**YOUR TASK:**
Beginning with the line that holds "Baby It's Cold", write out each line exactly as it stands until the end of the data, and include no pictures.

**GIVEN INFORMATION:**
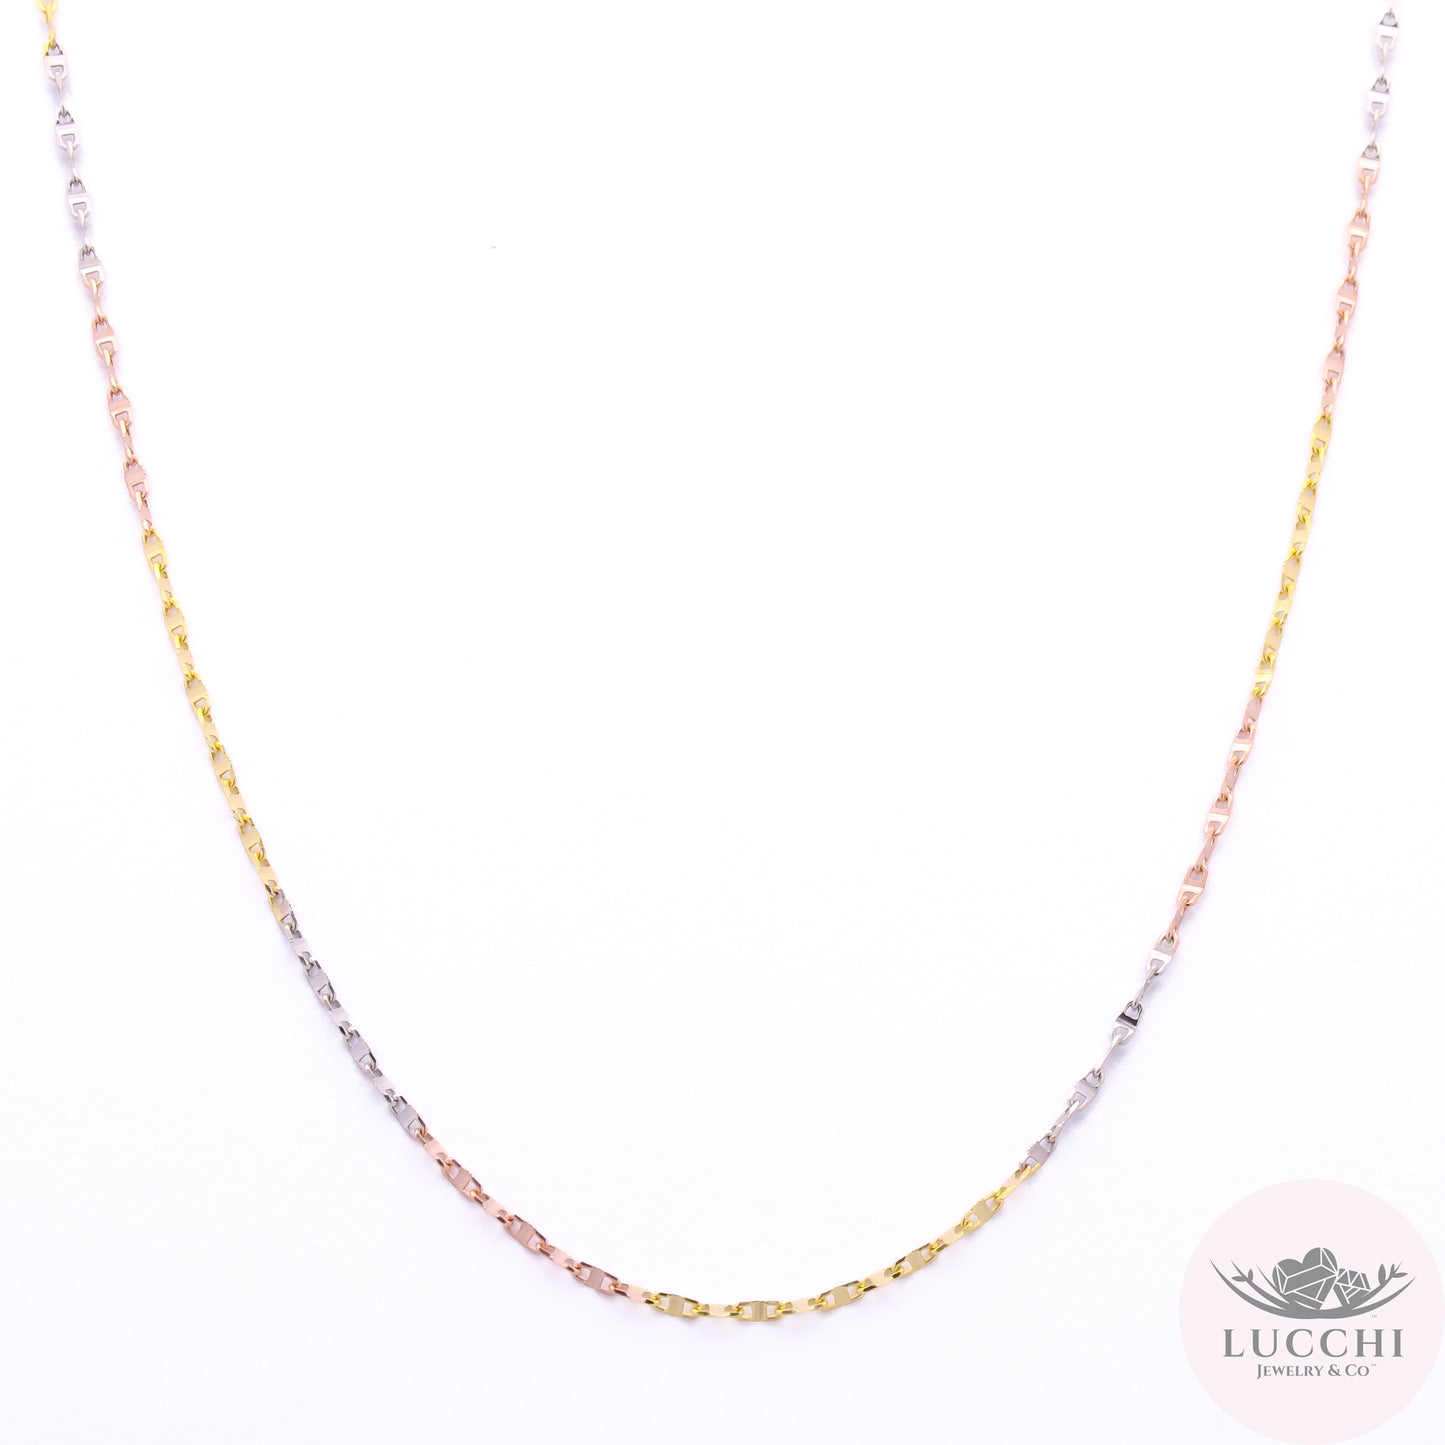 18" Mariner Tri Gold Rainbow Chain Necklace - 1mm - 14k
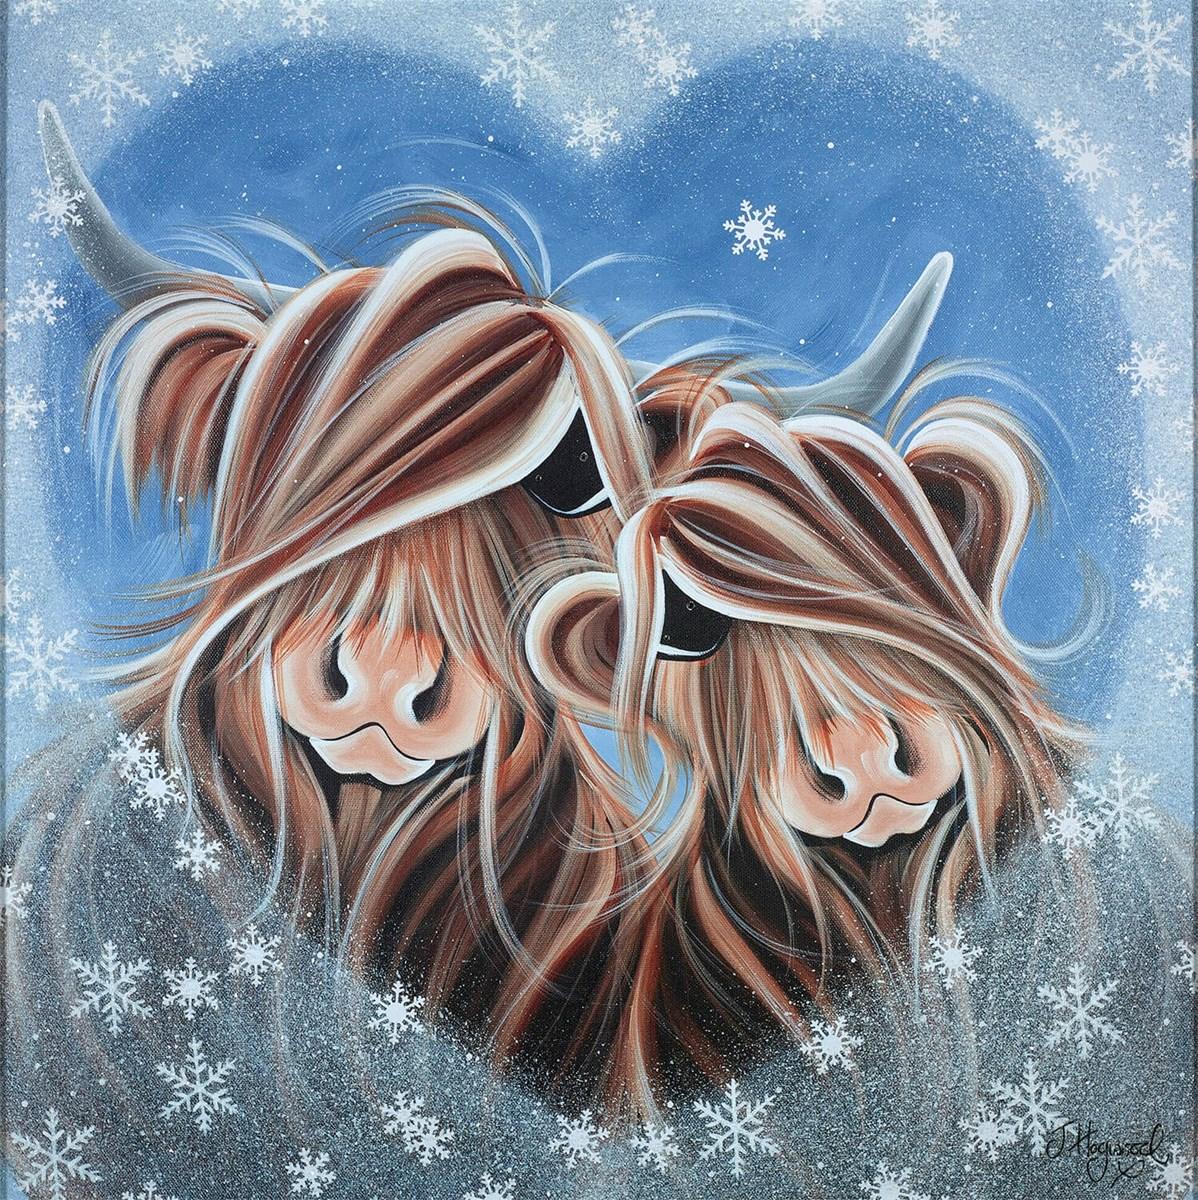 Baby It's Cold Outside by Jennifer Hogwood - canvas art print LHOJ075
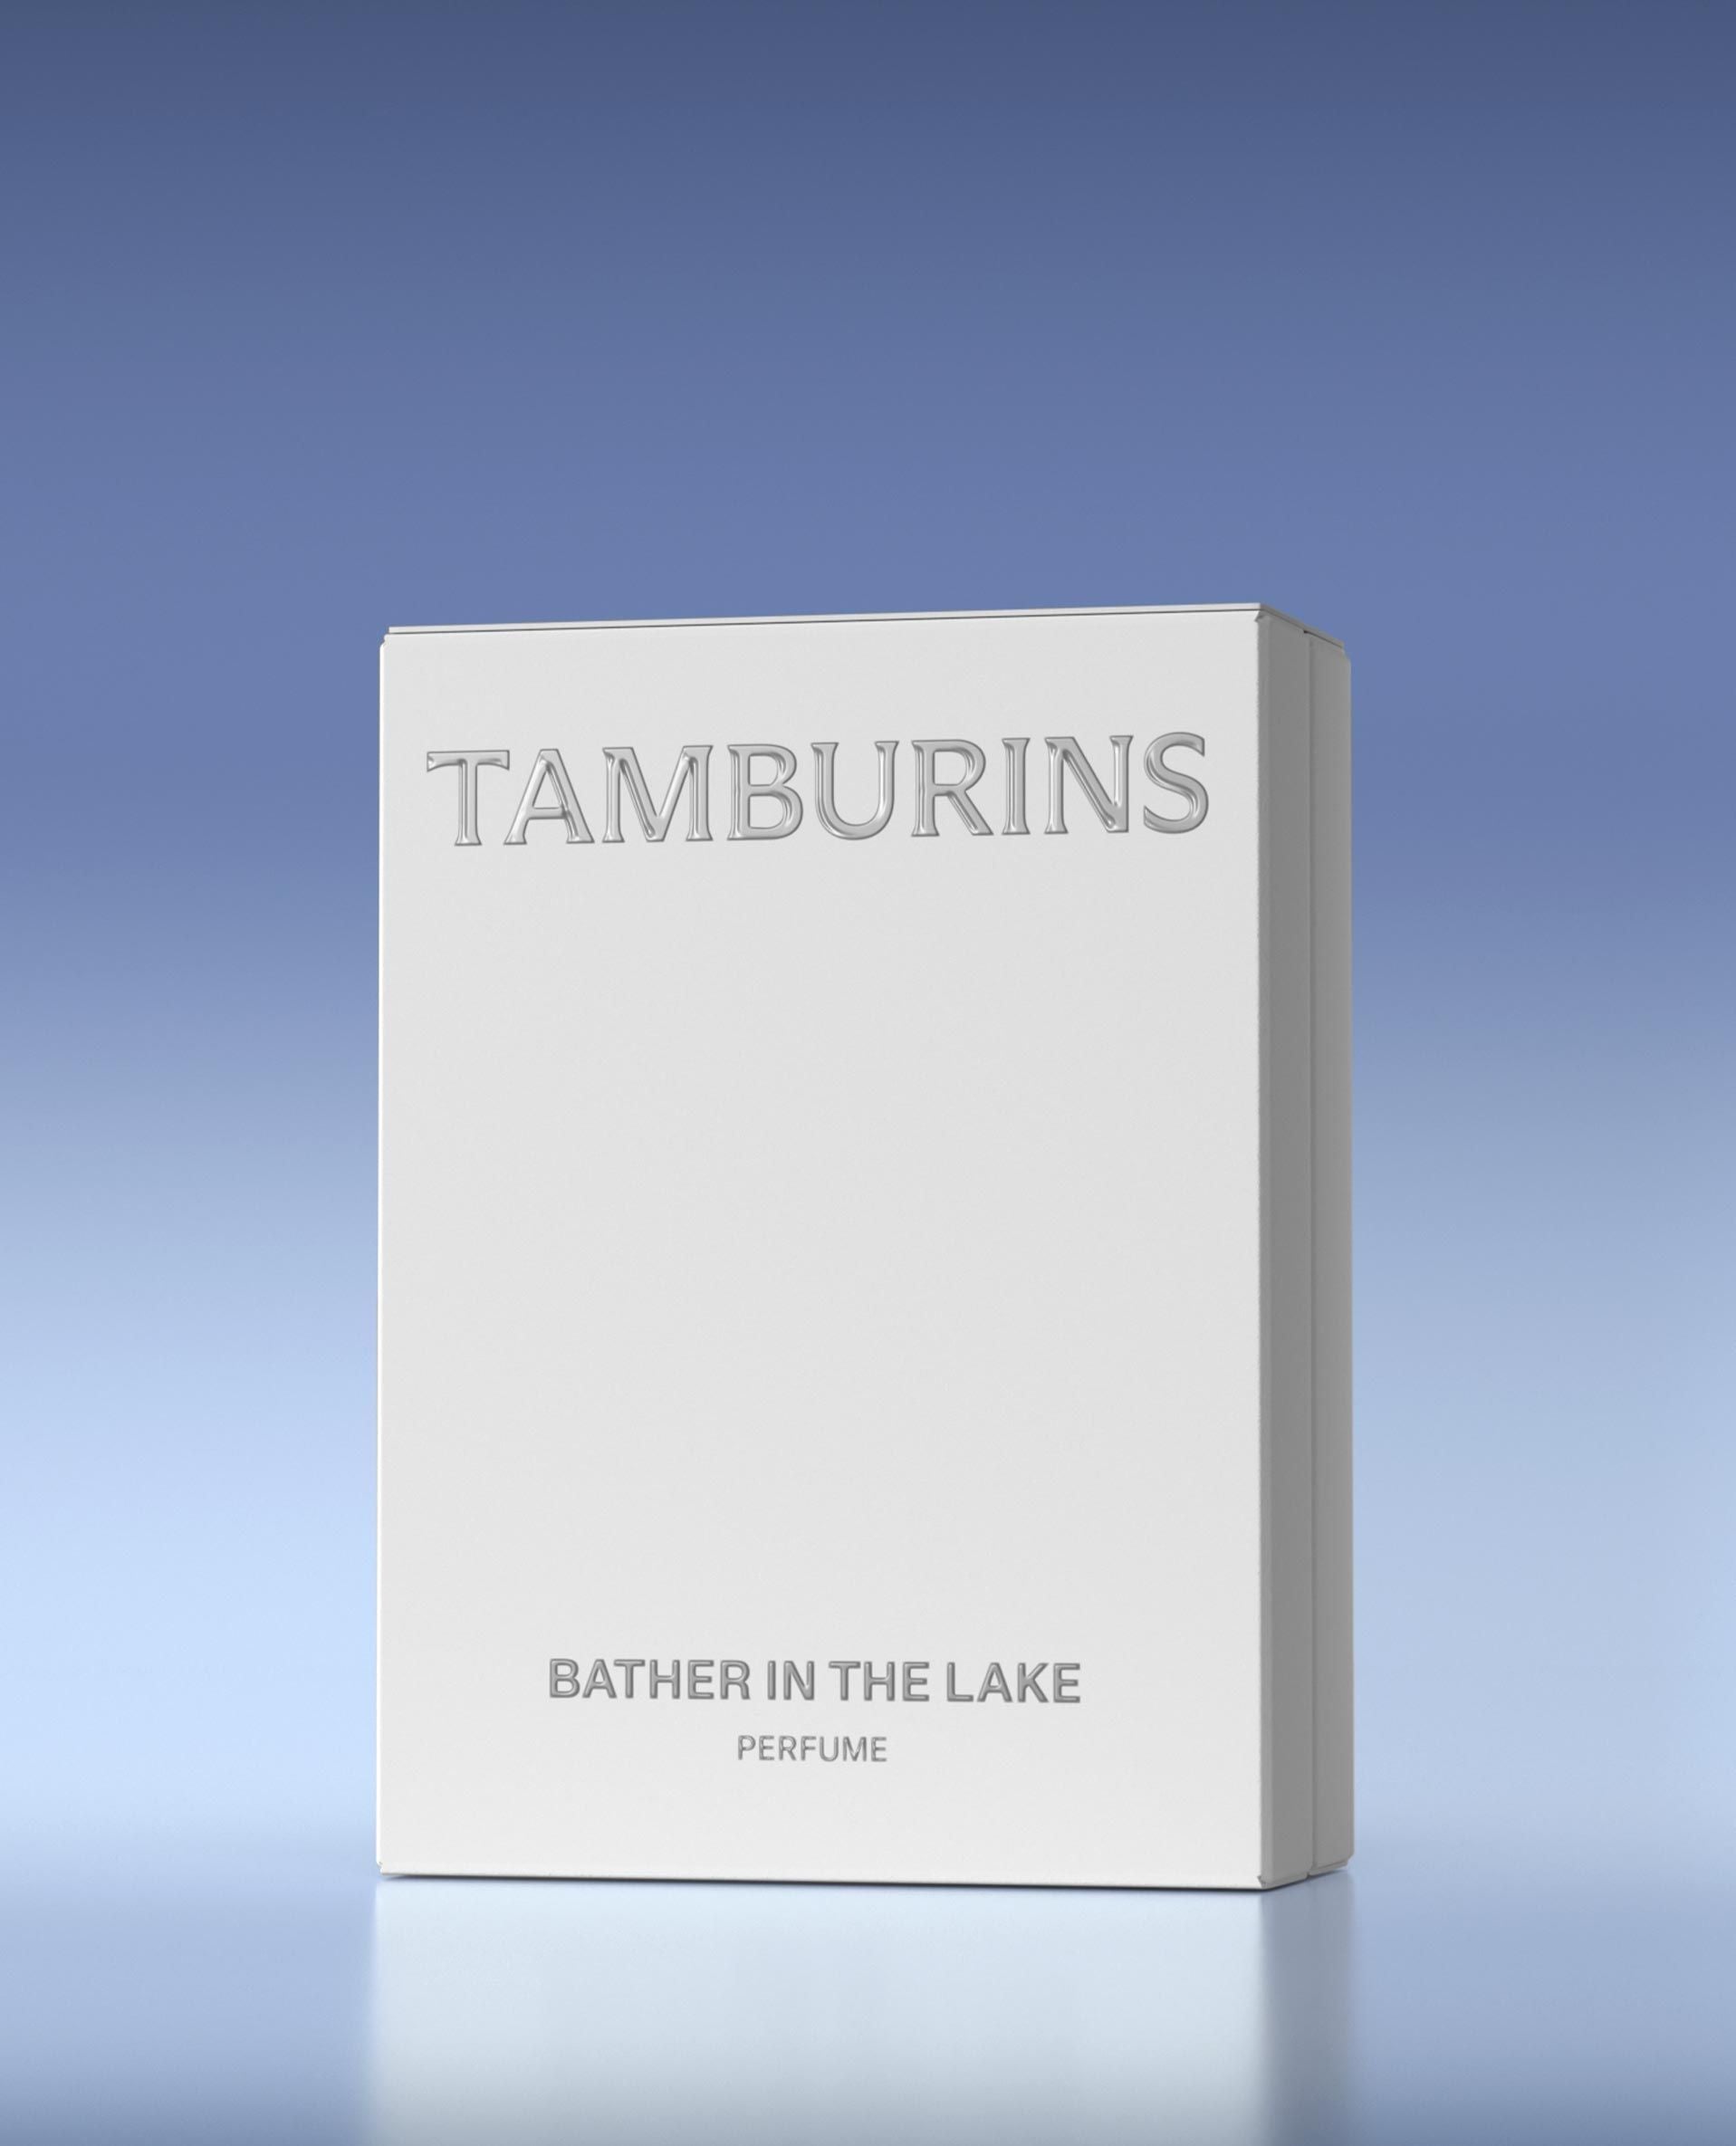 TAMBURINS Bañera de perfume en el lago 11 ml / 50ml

**RESULT OF THE TASK:**
 Baby It's Cold Outside by Jennifer Hogwood - canvas art print LHOJ075
 TAMBURINS Bañera de perfume en el lago 11 ml / 50ml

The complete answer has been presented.